Михаил Гиголашвили - Толмач
Не успел я дойти до комнаты переводчиков, как услышал за собой шум каблуков, шуршание колготок и шелест курток. Фрау Грюн уже открывает музгостиную, две женщины идут за ней. Одна, с длинным лицом и противным взглядом, одетая по-здешнему, войдя в комнату, тут же начинает тараторить по-немецки с фрау Грюн, задавать дурацкие вопросы. А другая, Оксана, стоит неподвижно у стены, не зная, что делать. Разница между фото и нынешним днем весьма ощутима: пополнела, вместо открытого лба – челка (обычно скрывающая прыщи или морщины), губы обветрены и сухи. Я пожал ее мокро-ледяную ладонь и попросил садиться – надо уточнить данные.
– А вы прямо из паспорта перепишите! – посоветовала фрау Грюн.
– Как, есть паспорт? – удивился я, привыкший, что тут ни у кого ничего нет, все сгорело, пропало, исчезло, украдено.
– Она по путевке приехала, никакого криминала, все официально… – тут же вмешалась подруга.
– В графе «язык» тут указан только русский. А украинский? – спросил я.
– В этом-то и все дело, – затараторила подруга, нагло усаживаясь боком на край стола. – Семья Оксанки всю жизнь во Владивостоке жила, отец моряком был, а мать – русская, Оксанка тоже в русскую школу ходила и украинской мовы не знает, поэтому теперь ей на Украине жить никак невозможно.
– А где родители?
– Умерли, – ответила курильщицким голосом Оксана и застыла.
От волнения она временами впадала в столбняк. Зато подруга рта не закрывала, переходя поминутно с немецкого на русский и обратно: успела сообщить, что она сама уже десять лет в Германии, приехала по немецкой линии из Владивостока, куда в свое время сослали ее прабабушку-швабку; у нее есть две машины, один дом, двое детей и одна собака, а Оксану она знает с детства и хочет ей помочь:
– Как вы думаете, получится?
– Откуда мне знать? – пожал я плечами. – Зависит от разного. И в датах пусть не путается – немцы этого очень не любят.
– Какие там даты-то, господи?.. Родилась, училась – и все. Ни мужа, ни детей. Что еще? – опять вылезла подруга.
– Всякое могут спрашивать, – уклончиво ответил я и, открыв паспорт, сравнил фото с оригиналом.
– Жизнь потрепала, – заметив мой взгляд, хрипло усмехнулась Оксана, выходя из спячки.
– Никто не молодеет.

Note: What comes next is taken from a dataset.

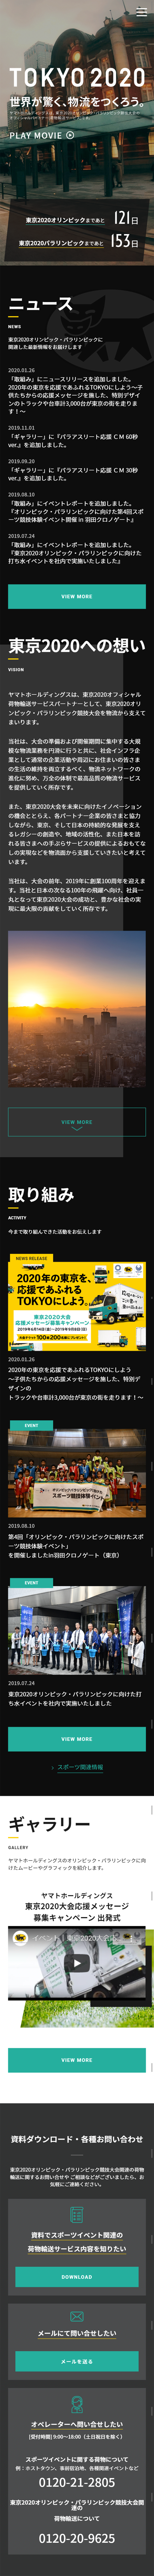 東京2020オリンピック・パラリンピック 荷物輸送サービスパートナー_sp_1

С кем сегодня работаем? – спросил я у фрау Грюн, закончив заполнять анкету.
– С господином Тилле. Так, всё?.. Давайте на отпечатки.

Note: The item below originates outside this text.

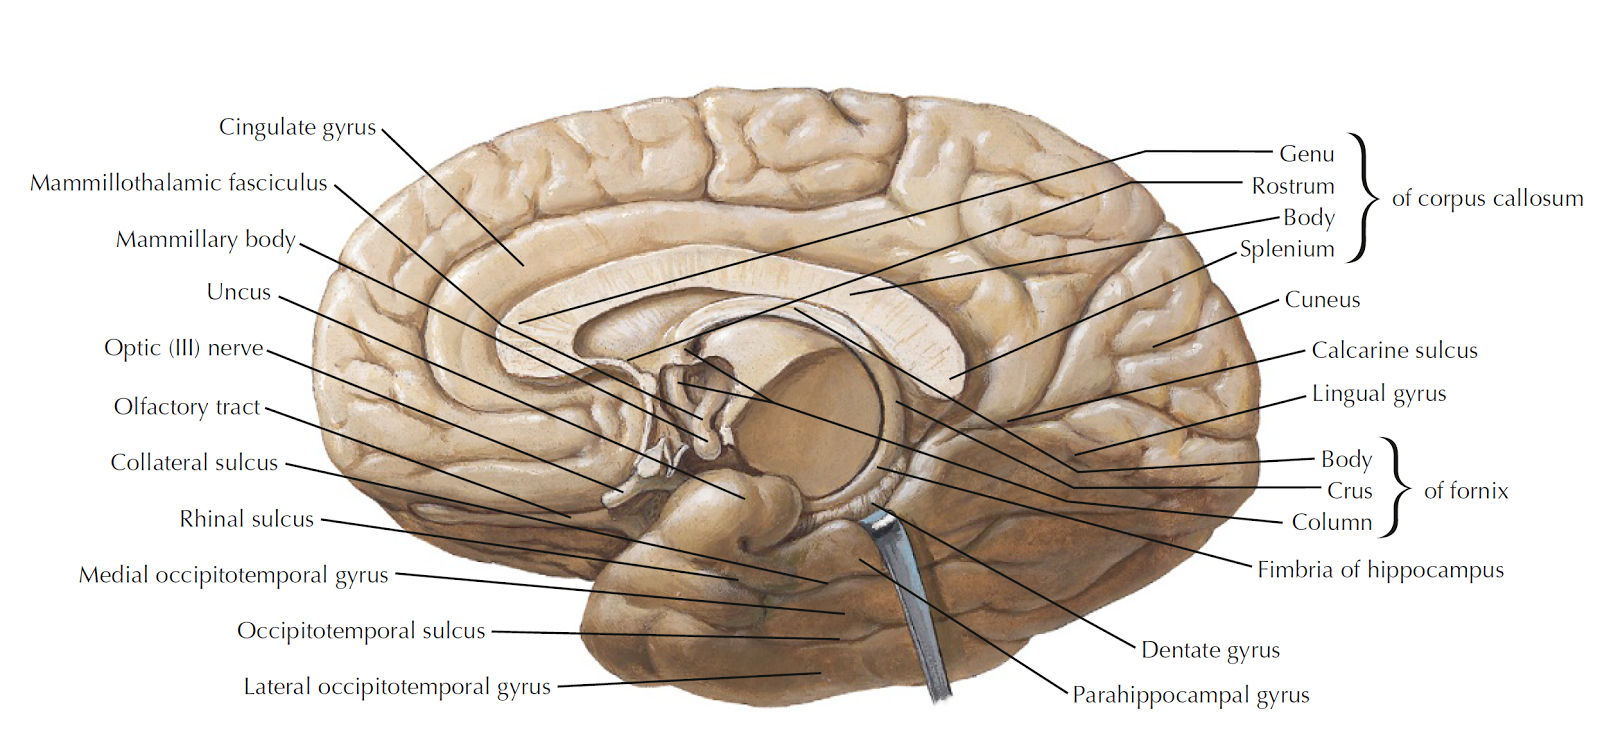 Brain diagrams

– Что это?.. Зачем?.. Что я, преступница?.. – узнав, в чем дело, слабо засопротивлялась Оксана, но подруга ей объяснила, что такое правило. Раз немцы говорят – надо делать.
Она безропотно протянула фрау Грюн свои ухоженные пальцы. И стояла во время всей процедуры, отвернувшись в сторону, как дети во время укола. Подруга из солидарности торчала возле нее, а я подумал, не потащится ли эта болтунья с нами к Тилле. Но фрау Грюн, окончив дело, твердо запретила подруге идти с нами, потому что такие интервью – не кафе или дискотека, а дело личное, и, если есть желание, можно привести адвоката, но не посторонних лиц.
– Нет, нет, зачем, – услышав слово «адвокат», по-советски испугалась подруга, пожелала Оксане ни пуха ни пера и удалилась в комнату ожидания, а мы отправились на второй этаж.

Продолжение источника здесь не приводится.